I’ve done some performance testing on the new Feather.jl (my fork, still a PR). I read in a 20 million row data frame of mostly “worst case scenario” data (strings that may be missing) that was about 5.6 GB. Took the new feather about 19 seconds. Took about 14 seconds for python feather (keep in mind that’s pretty much all C++). A big chunk of the time it took Julia was because of the inefficiency of Union types in 0.6, so hopefully we’ll be able to beat python easily in 0.7. I haven’t thoroughly tested the “best case scenario” (non-missings and bits types) yet, but it is pretty much as fast as it could possibly be.

The new Feather will also take advantage of random access capability (memory mapping with lazy loading), so most of the time it will not be necessary for you to actually load in all the data.

So, there’s light at the end of the tunnel for deserialization!

By the way, in the benchmarks you show above, are you absolutely sure that R is actually deserializing all the data, and not using some sort of memory mapping or lazy loading scheme?

8 Likes

Just looked at your awesome Arrow.jl package.

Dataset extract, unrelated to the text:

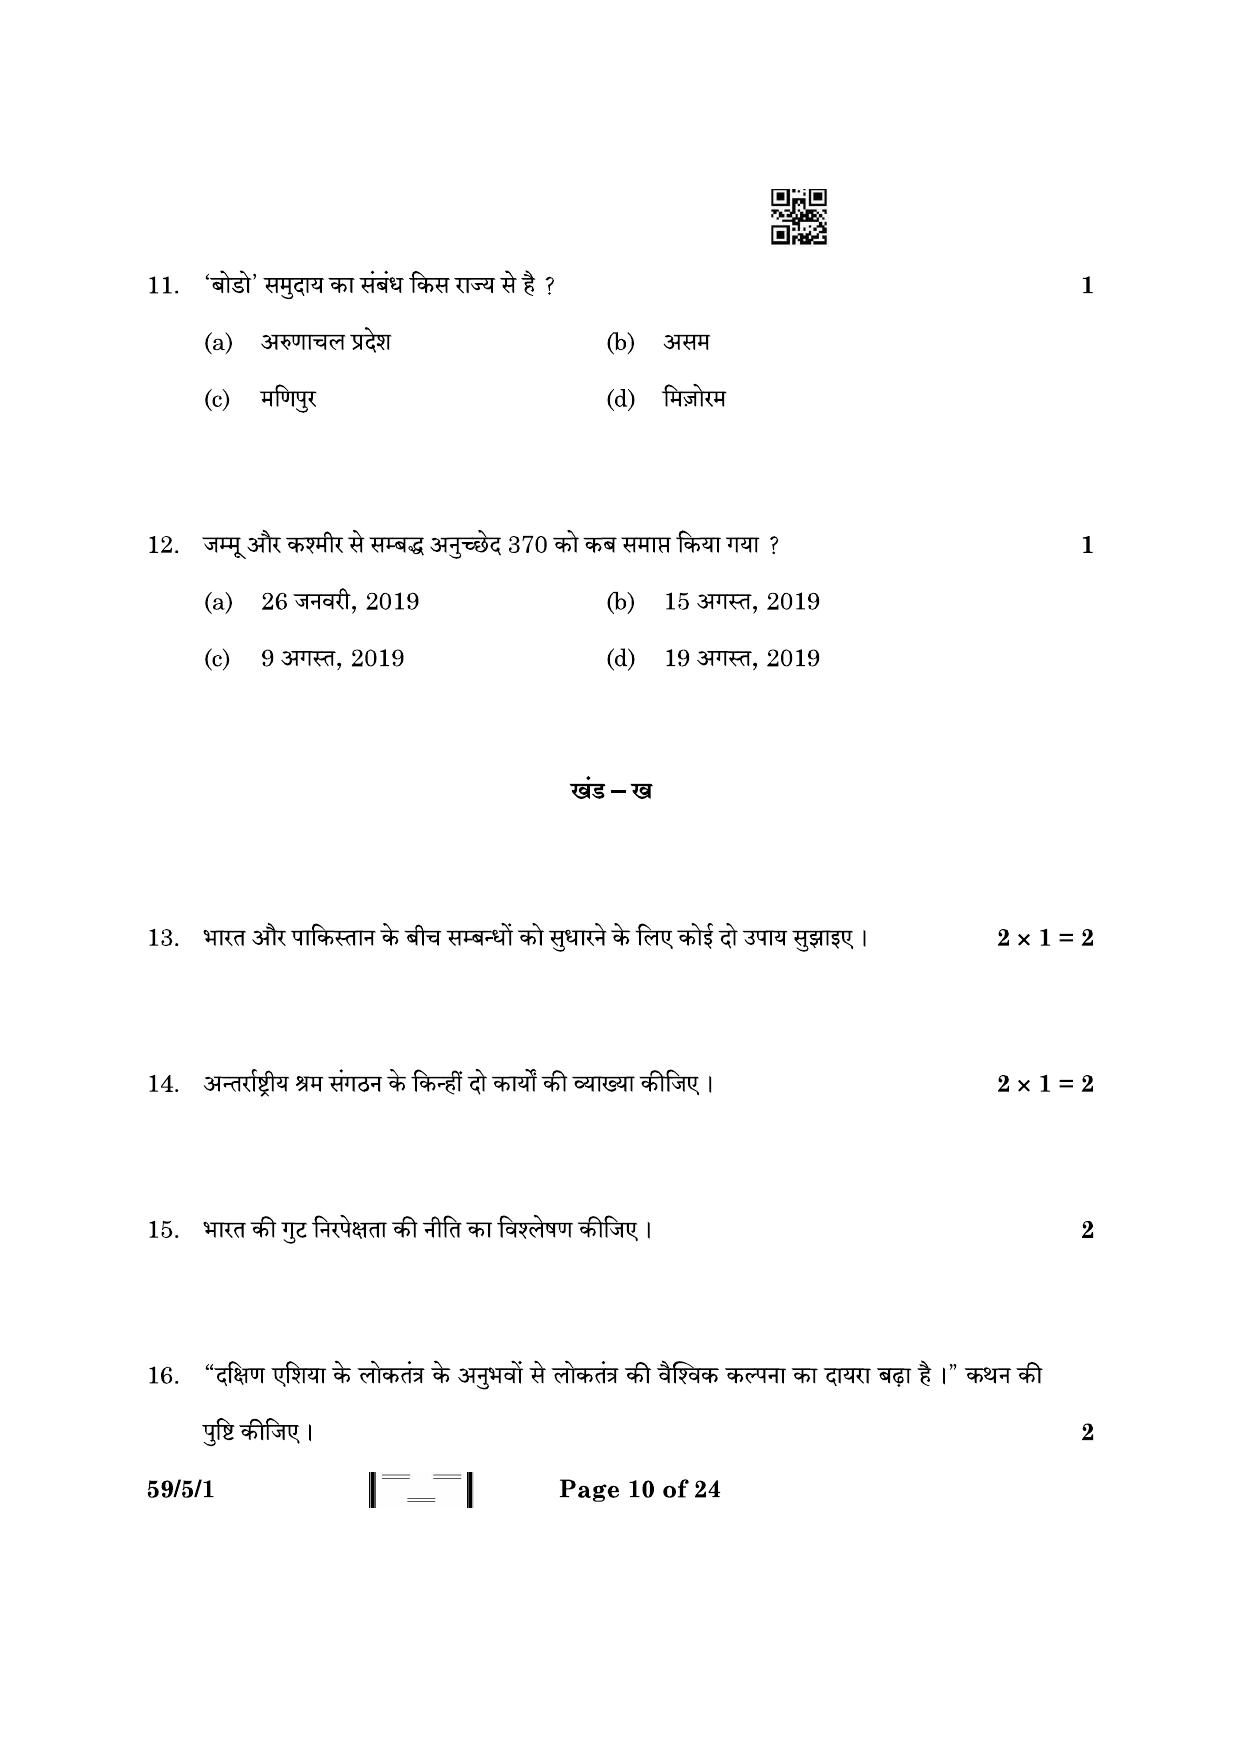 CBSE Class 12 59-5-1 Political Science 2023 Question Paper - Page 10

Wonder how it’s doing in v1?

As of the last couple of releases, Arrow.jl only works on Julia 1.0, so no worries there.

Note that this package was built primarily with Feather in mind, so we are still missing all the arrow IPC stuff (it’s really just arrays at the moment). As far as I know, at the moment Feather.jl is the fastest way to read and write tabular data from disk in pure Julia. Strings are known to be a little slow, but they are still quite fast. Also note that Feather.jl does lazy loading by default now. Unfortunately we are still limited to 4GB per feather file because the feather standard badly needs to be upgraded, but stay tuned for that.

What about Parquet? It seems more promising to be as it allows compression of the files.

If my memory serves me correctly, I don’t think this is true anymore.

It depends on what you are doing. Parquet is definitely a more capable format than Feather, but it is also quite a bit more complicated. I think the intended use case for Feather was just “well, I have a few GB of data that I’m messing around with, I need to store it while I’m working on it for the next few weeks” whereas Parquet was intended as a data source for “production” processes.

To answer your question yes, you should be able to use the arrays provided by Arrow.jl to wrap arrays that appear in Parquet. I have yet to take a serious look at the parquet metadata, so I don’t really know what would be involved in doing that. I’m pretty confident that it would be significantly more complicated than Feather.

If there was any change to the standard, it doesn’t seem to be reflected here. Like I said, I have a number of thoughts on how we should go about this sort of thing, so I may have some news in the future.